You have done it again! You’ve said ‘yes’ to something you don’t really want to do, or you just don’t have the time to do. There are countless reasons why we make ourselves available to do things that we don’t want to do. In some instances, we want to be agreeable and liked. In others, it’s easier than having a difficult conversation or disappointing someone.
In these instances, you may be saying ‘yes’ at the expense of your own happiness, morals, culture, values, and in some cases, your own health.
Next time someone asks you for something, before you agree, take a moment to pause and listen to your body. Are your shoulders tense? Is your stomach churning? Do you feel like biting your nails or doing something else you tend to do when your nervous? These are important cues from your body that this may be something you don’t really want to do.
Being agreeable or saying ‘yes’ isn’t necessarily a bad quality. It can mean that you’re empathetic and want to help out others. It’s when you’re being too agreeable that others can take advantage of you. Anyone who suffers from the stress of over commitment can help themselves by following these simple strategies for saying no.

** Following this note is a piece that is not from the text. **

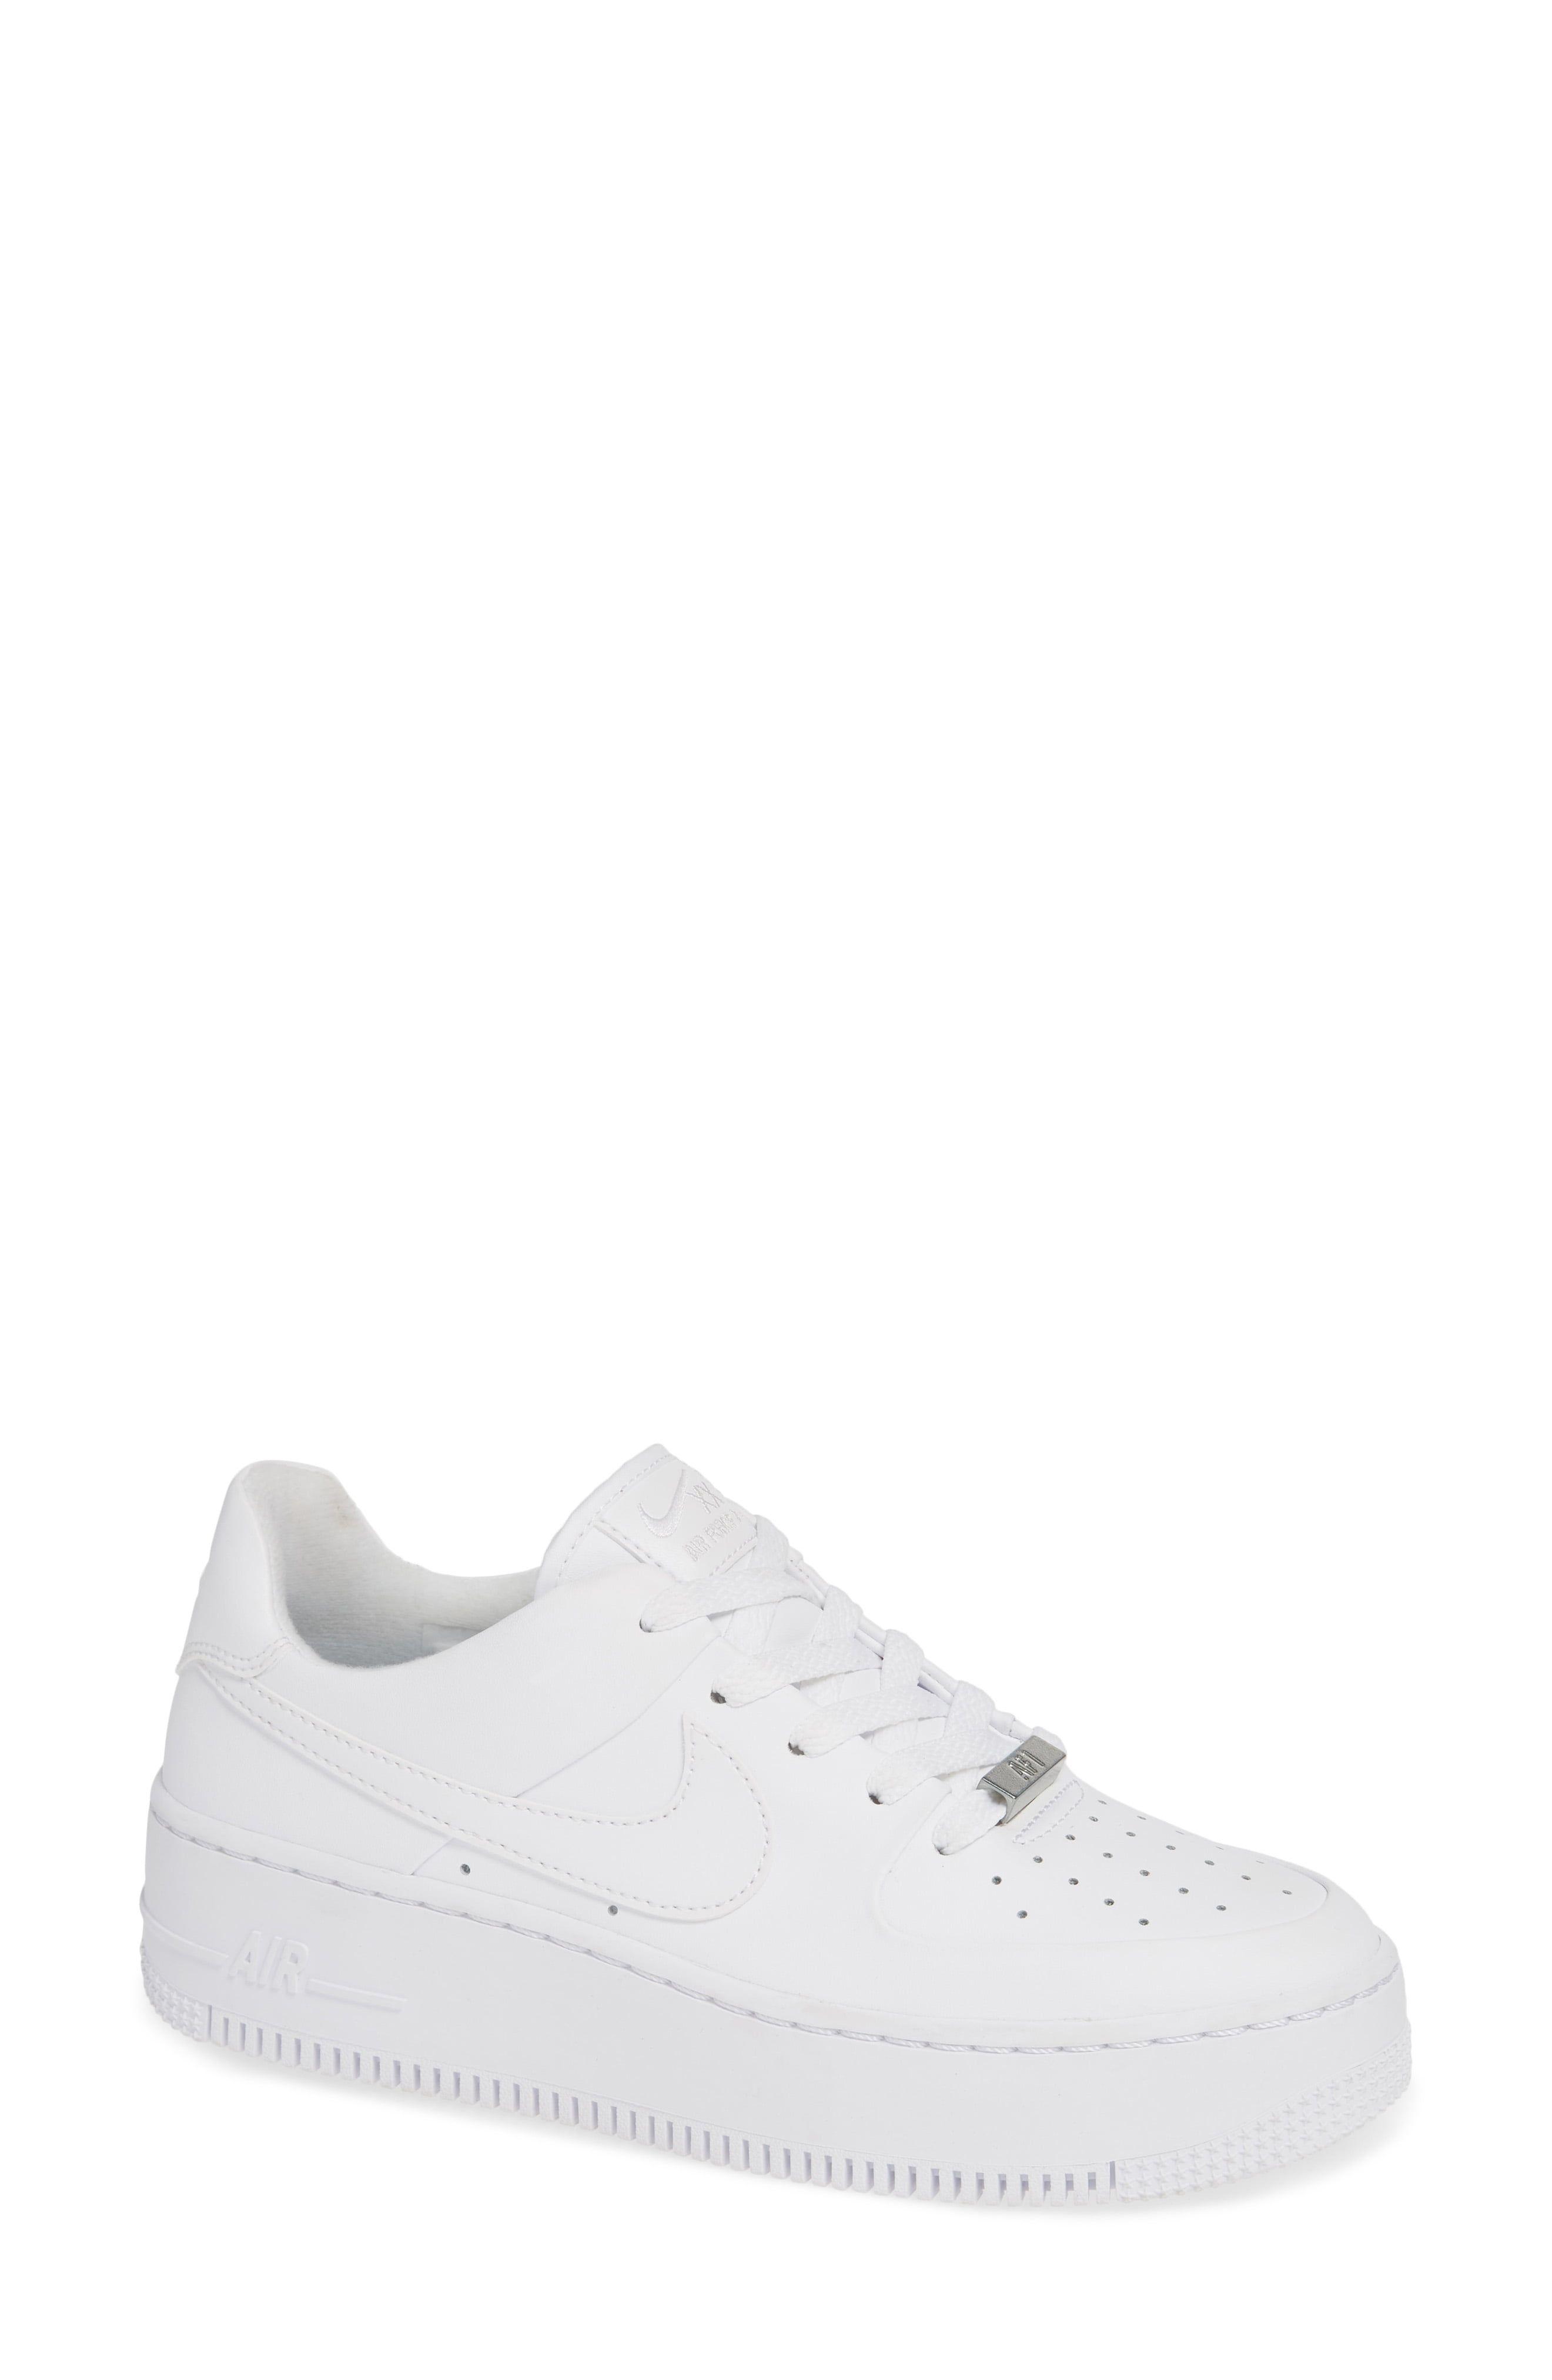 Nike Air Force 1 Sage Low Platform Sneaker (Women | Sneakers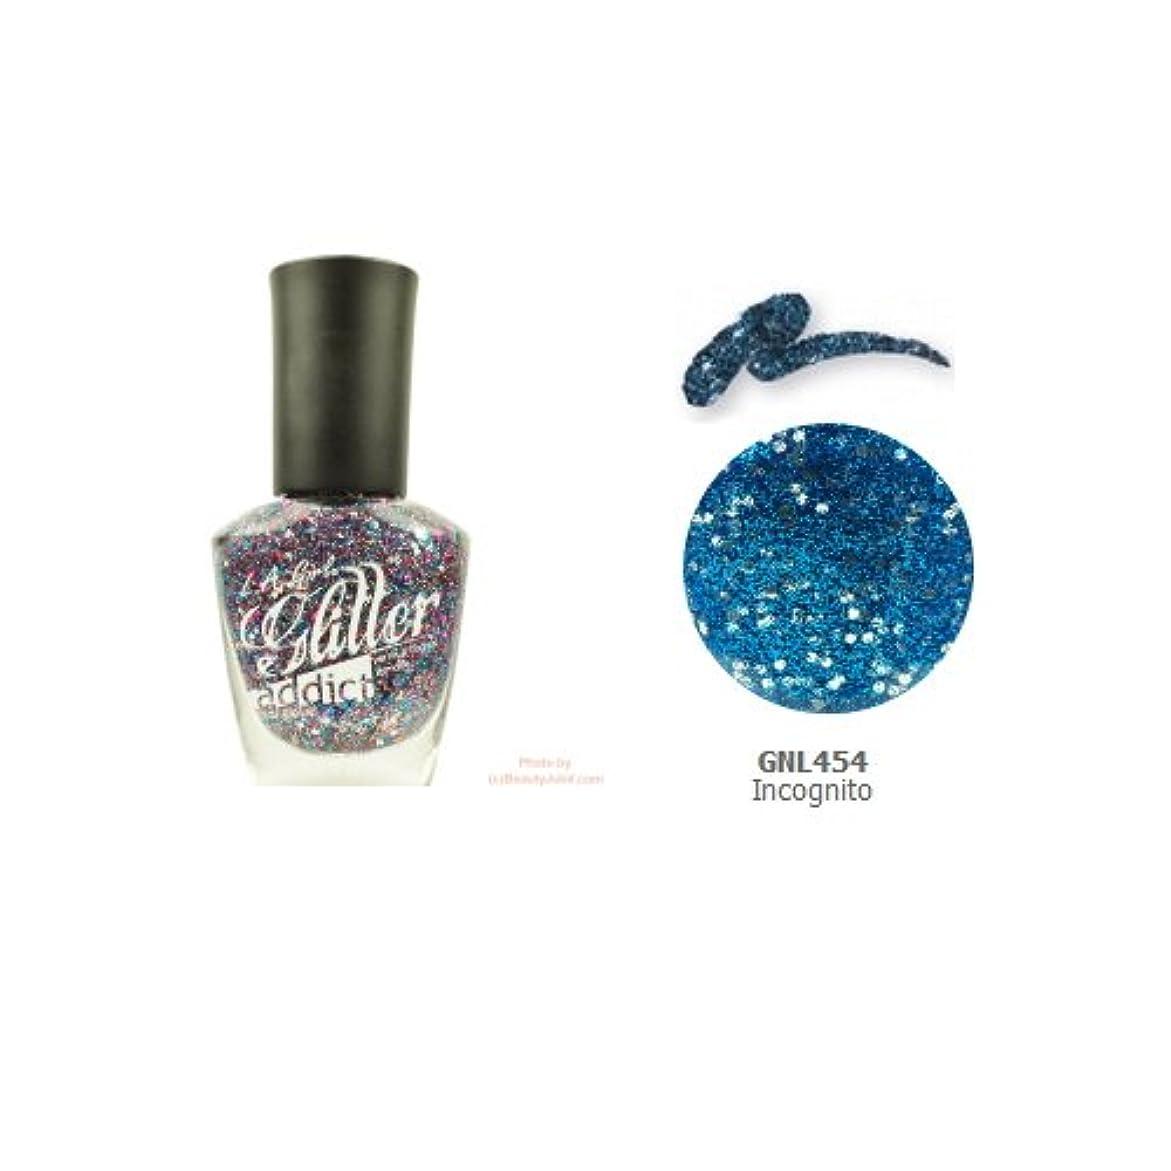 かかわらず後者おじいちゃん(6 Pack) LA GIRL Glitter Addict Polish - Incognito (並行輸入品)

Identify What is Important to You
Before you can become good at saying ‘no’ are you aware of what’s really behind all those choices to overpack your schedule with more obligations than you have time for?
Life is short. Consider focusing your time on the things that are most meaningful to you, your family, and your community.
When you’re feeling pressure to say ‘yes,’ and agreement feels easier than taking a stand, just think of what is most meaningful to you. If the request means spending even less time doing something that is important to you, focus your attention on what’s most meaningful to you. This can encourage you to say ‘no’ and keep your priorities straight.
Know Your Triggers
You may be agreeing to a request for your time simply because you think you should, without taking the time to really consider why you think you should, and if this is really your responsibility to take it on. The next thing you know, you’re stuck with another obligation that’s eating away at your schedule, your happiness, and your well-being.
It takes significant self-awareness to catch yourself in action and create change. When you seek to identify what is triggering how you feel in the moment, you give yourself the chance to feel differently if you want to. You can download a list of emotions and a timetable to help you identify what you are feeling and provide clarity on how to change your response.
Learn to say ‘no’
Saying ‘no’ is easier said than done. As we’ve all experienced, when guilt, fear, or anxiety are motivating your decision-making process, chances are your vision might be clouded. Here are three principles to help you move towards achieving better balance.
- Self-love. If you put everyone else’s needs ahead of your own, you will become mentally, physically, emotionally, and spiritually drained. Encourage a healthy balance by focusing on what is most meaningful to you and brings you harmony and life balance. The key is learning to balance your desire to be kind and courteous to others with your own need for balance and downtime.
- Accepting what you cannot control. It’s human nature to want to be liked by others, but it’s inevitable that you will meet people who dislike you. It’s hard not to take it personally. However, being liked by everyone is not as important as spending time with the people you love and doing the things that make your life meaningful.
- Set healthy boundaries. Living with no boundaries may sound exciting, but it can actually be very unhealthy. Healthy boundaries can help you establish priorities and manage your time better. The first step to setting boundaries is to personally validate your own feelings and priorities. That means allowing yourself to think and feel the way that you do, without judging or putting yourself down. The second is to surround yourself with a support system that will tell you the truth, encourage you, and hold you accountable for the changes you are trying to create in your life. Setting boundaries shows that you respect yourself, which makes it more likely that others will respect you too.
Additional Resources
- Any.do – allows you to create reminders, events, to-do lists, notes and more to help manage your daily schedule effectively.
- Remember The Milk – manage everything you have to do, and it allows you to sync all your devices for easier time management.
- Focus Booster – break up your schedule into manageable chunks.
- Stop, Breathe & Think – guided meditation and breathing exercises to destress and get in touch with your thoughts and feelings.